Dataset excerpt –
*** Begin section ***

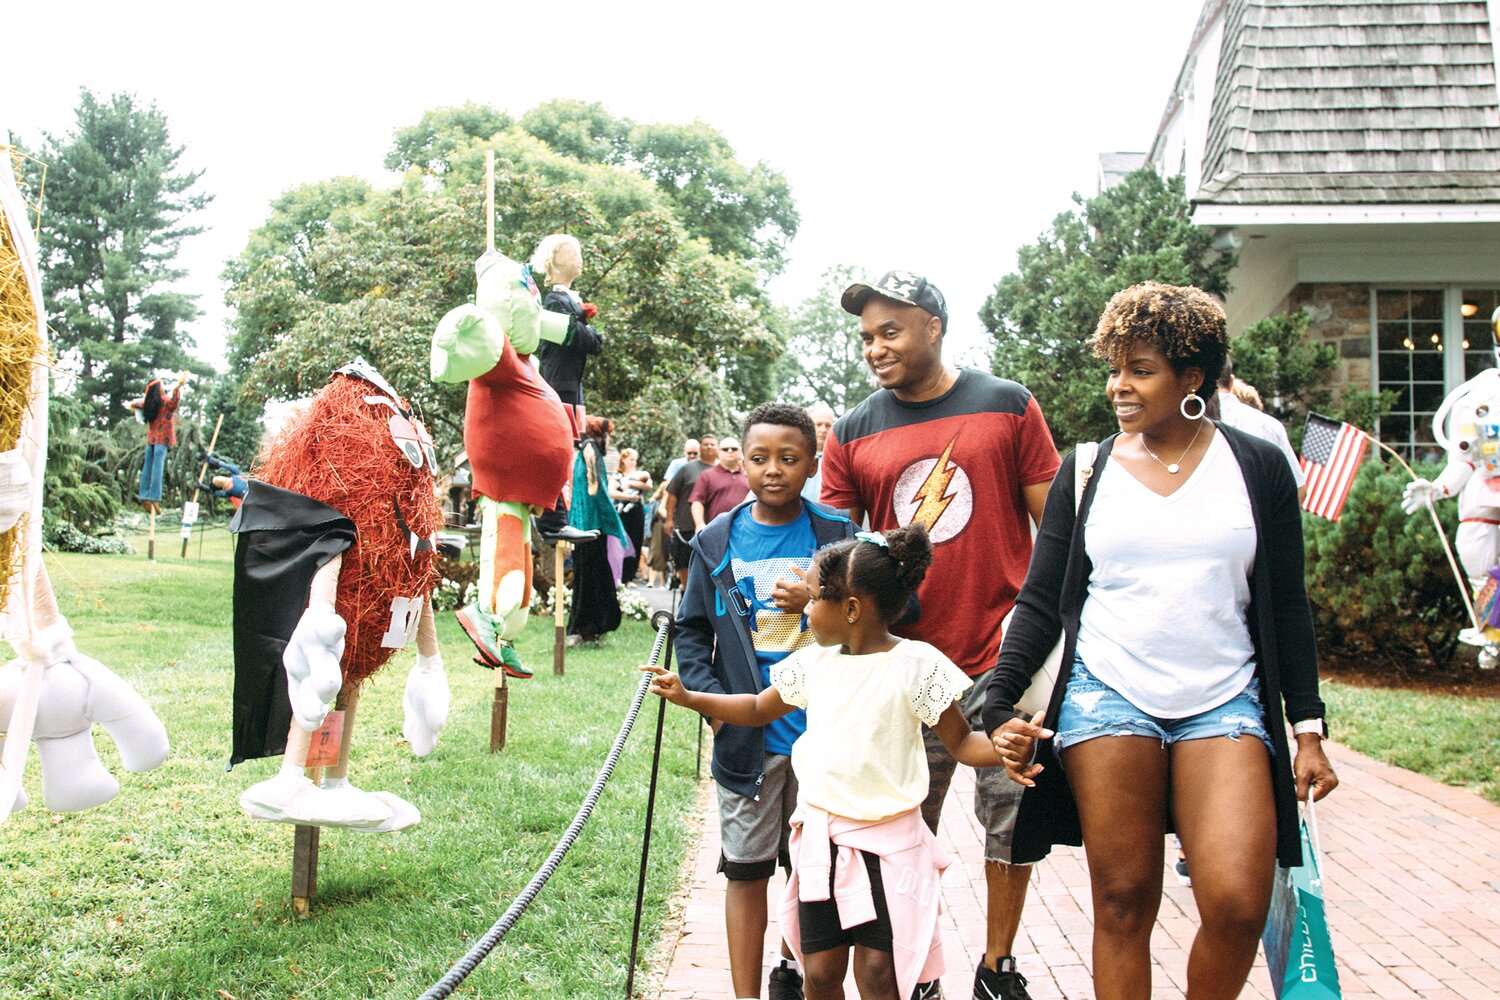 A family takes in the scarecrows at Peddler’s Village during a fall festival.
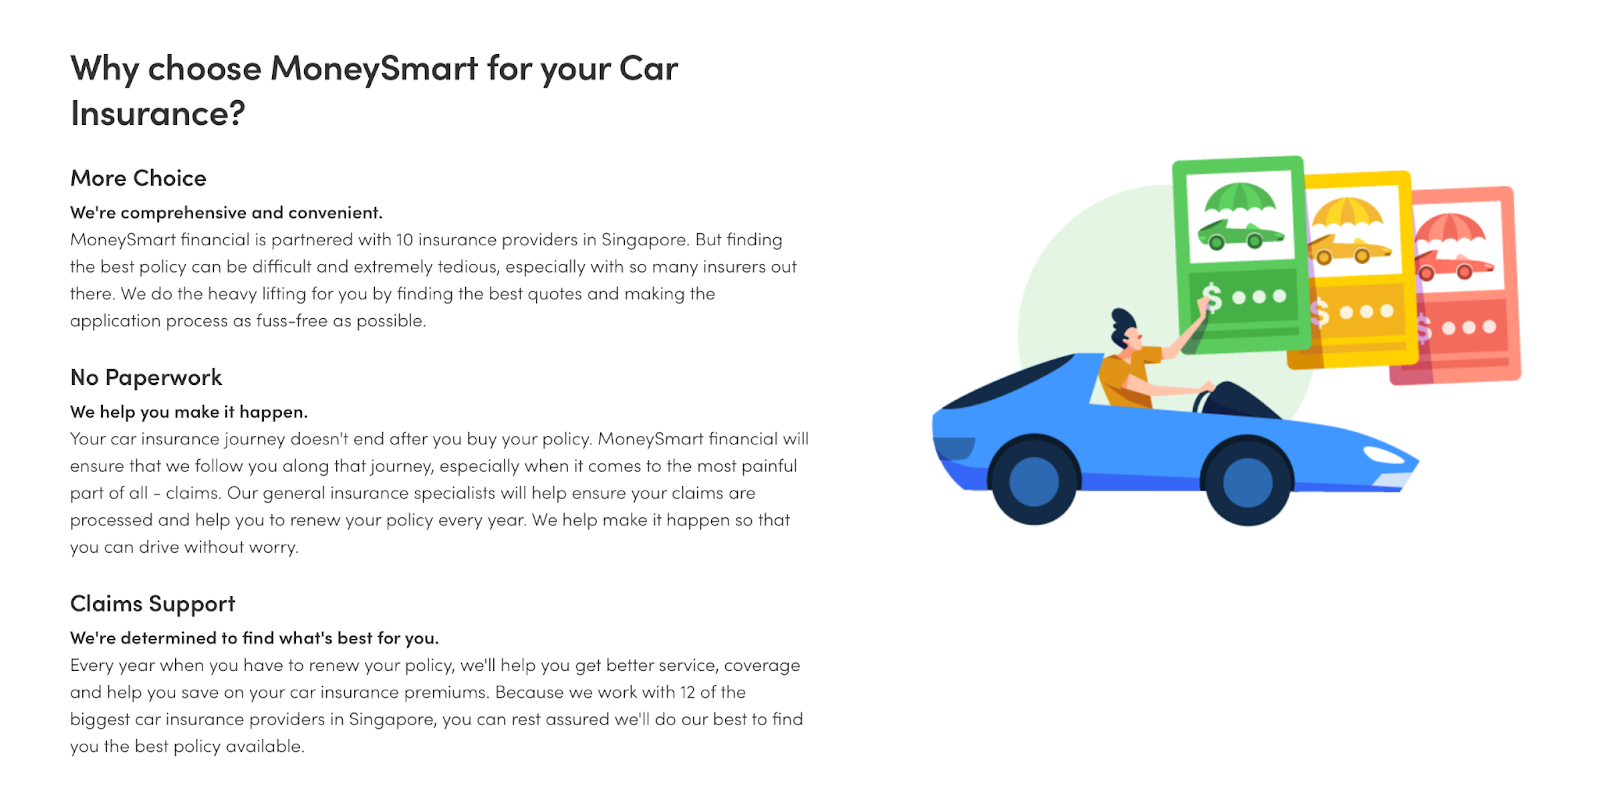 A screenshot from MoneySmart's website. It contains text that describes why MoneySmart is the best way to find car insurance.
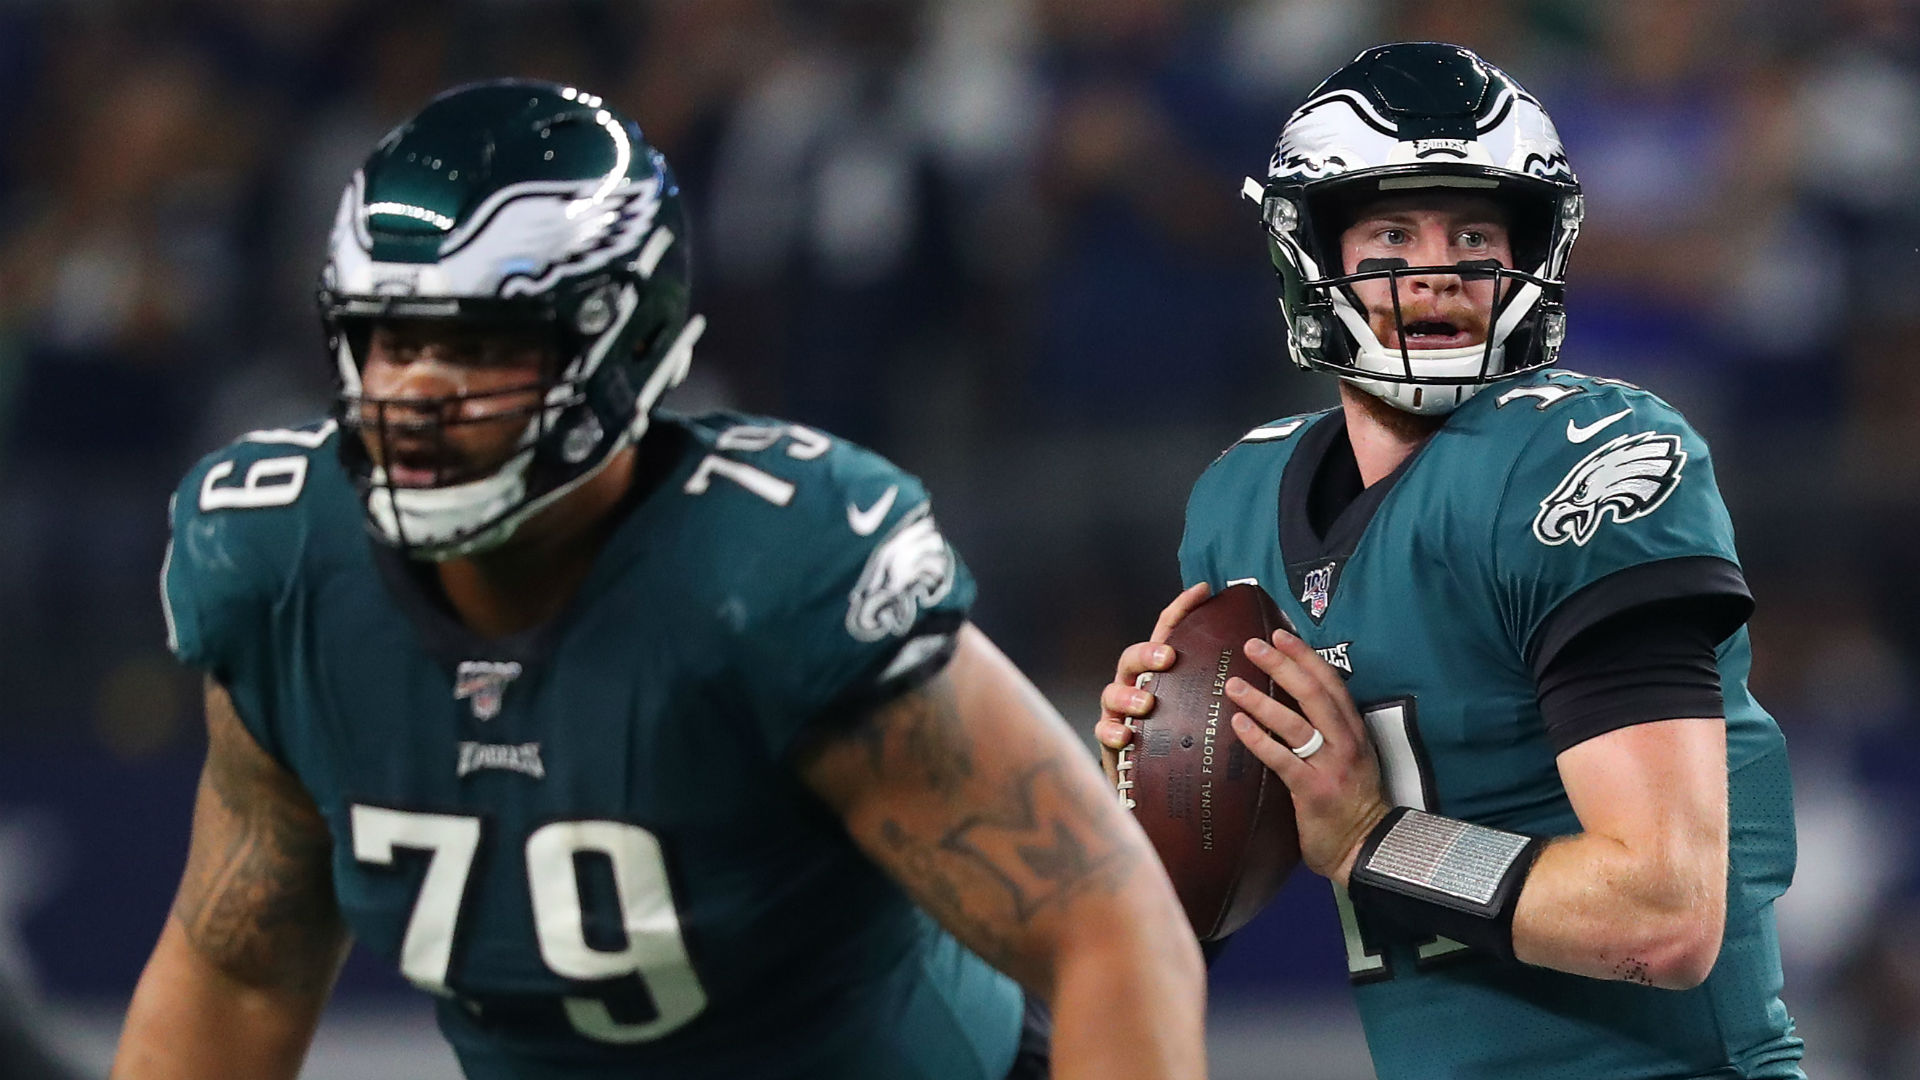 The Philadelphia Eagles have reportedly made Brandon Brooks the NFL's highest-paid guard, after the 30-year-old signed a new contract.

*** End section ***

Problem statement – Transcribe the data exactly, minus any images.

Exercise answer –
 A family takes in the scarecrows at Peddler’s Village during a fall festival.
 A screenshot from MoneySmart's website. It contains text that describes why MoneySmart is the best way to find car insurance.
 The Philadelphia Eagles have reportedly made Brandon Brooks the NFL's highest-paid guard, after the 30-year-old signed a new contract.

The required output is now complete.